Got it. Okay. Thanks very much. Appreciate it.

Operator

Our next question today comes from Jennifer Demba of Raymond James. Your line is open.

John Corbett
CEO, SouthState

We're not getting changed firms.

Jennifer Demba
Managing Director, Truist Securities

No, no. Truist Securities. Good morning. Question on loan growth, you said it would definitely moderate in the second half of the year. I'm just wondering what you're seeing in your pipeline. Is it lower than it was a quarter ago? Or is this based on more client selectivity and conservatism? Curious as to what you're seeing.

John Corbett
CEO, SouthState

Yeah. Jennifer, it's John. The pipeline on the commercial pipeline side is relatively flat. It was about $5.5 billion at the end of the first quarter, and it's also still about $5.5 billion. What we are seeing is that we are losing some CRE deals to what we believe is overly aggressive competition on structure and rate. Secondly, with the rise in rates, we are seeing selectively some borrowers walk away from deals with the rate environment increasing. You know, what's going on right now is that the cap rates really have not adjusted yet to what the yield curve has done.

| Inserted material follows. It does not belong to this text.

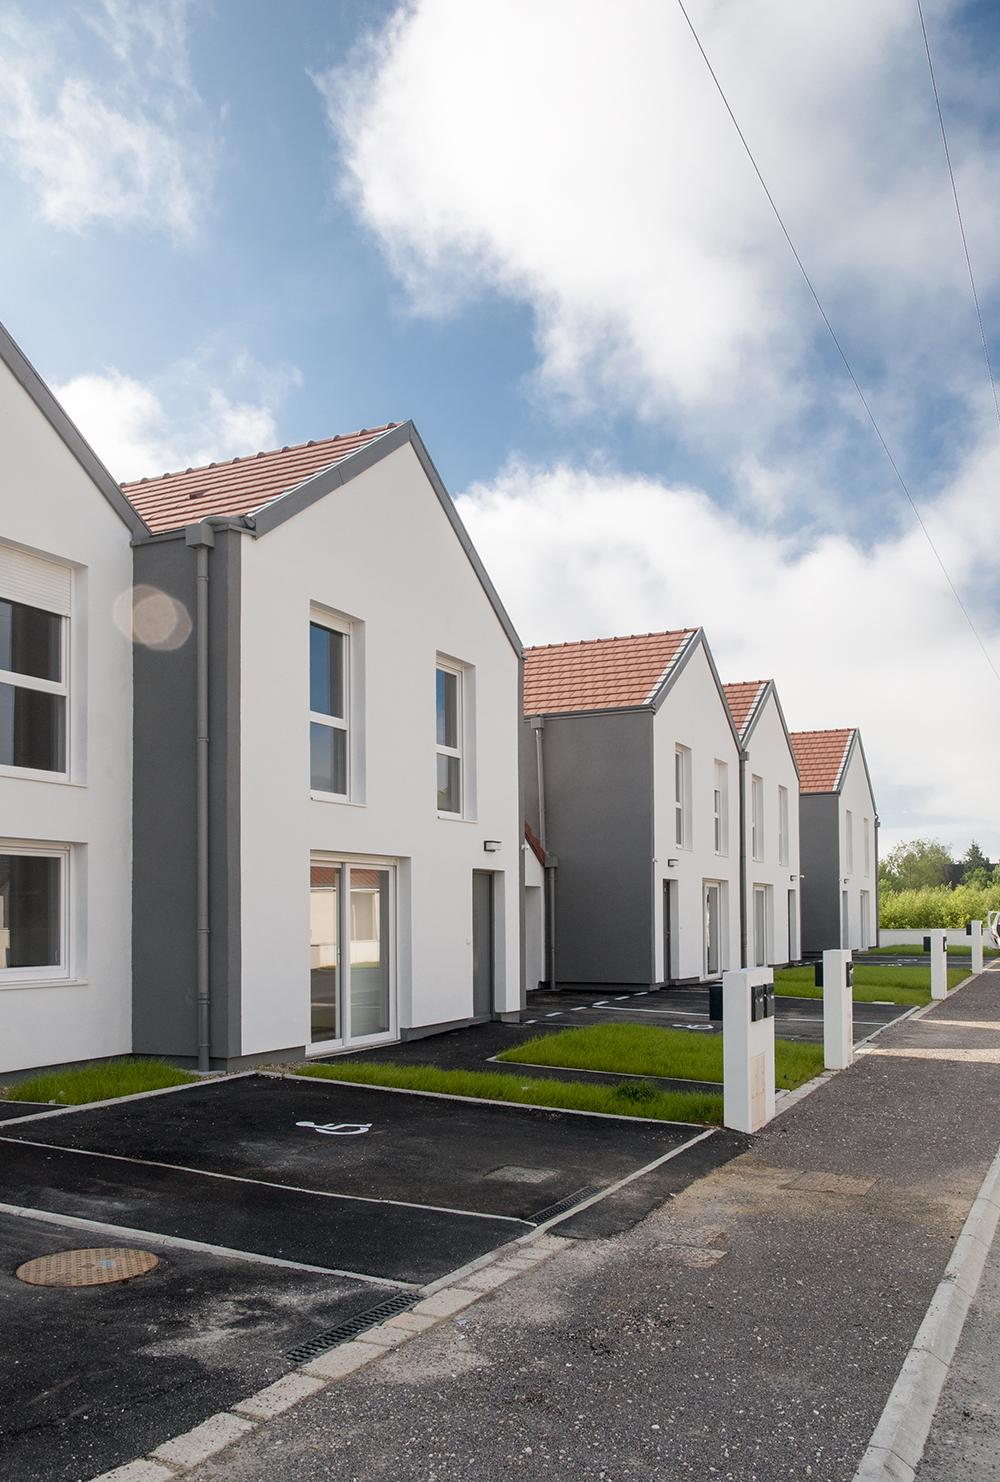 Chouette-architecture-7-logements-en-bande-Collonges-les-premières-1000-13

I think a lot of the CRE folks are kind of on the sidelines waiting for that lag effect to happen and valuations to reflect the higher yield curve. We do see things slowing down. I mean, we are seeing it slow down as well on the residential side. You know, the amount of housing activity is declined naturally with the interest rate environment. You know, I think we guided to upper single digits to 10% growth for the calendar year. We've done about 14% organic loan growth annualized in the first half. If we wind up in the back half of the year in the mid single digits, that gets us roughly to 10% organic loan growth for 2022.

Jennifer Demba
Managing Director, Truist Securities

Great. Thanks so much.

Operator

Our next question today comes from Michael Rose of Raymond James. Please go ahead.

Michael Rose
Managing Director, Raymond James

Hey, good morning, guys. I guess I could be from Truist.

John Corbett
CEO, SouthState

Good morning.

Michael Rose
Managing Director, Raymond James

... if you want me to. Switch it up a little bit. Most of my questions have been asked and answered. You know, just looking at the beta slide, which I, you know, appreciate again, and then looking at slide 19 with the rate scenarios and the plan to, you know, let the loan-to-deposit ratio kind of grind higher up to 80%, it seems to me like some of those assumptions could be perhaps a little bit conservative. Can you just give us some color as to, you know, what the drivers of that rate sensitivity. Look, I know cash is down, but you know, cash levels are still, you know, fairly healthy. You're gonna keep the securities book, you know, deposit outflow, like I mentioned.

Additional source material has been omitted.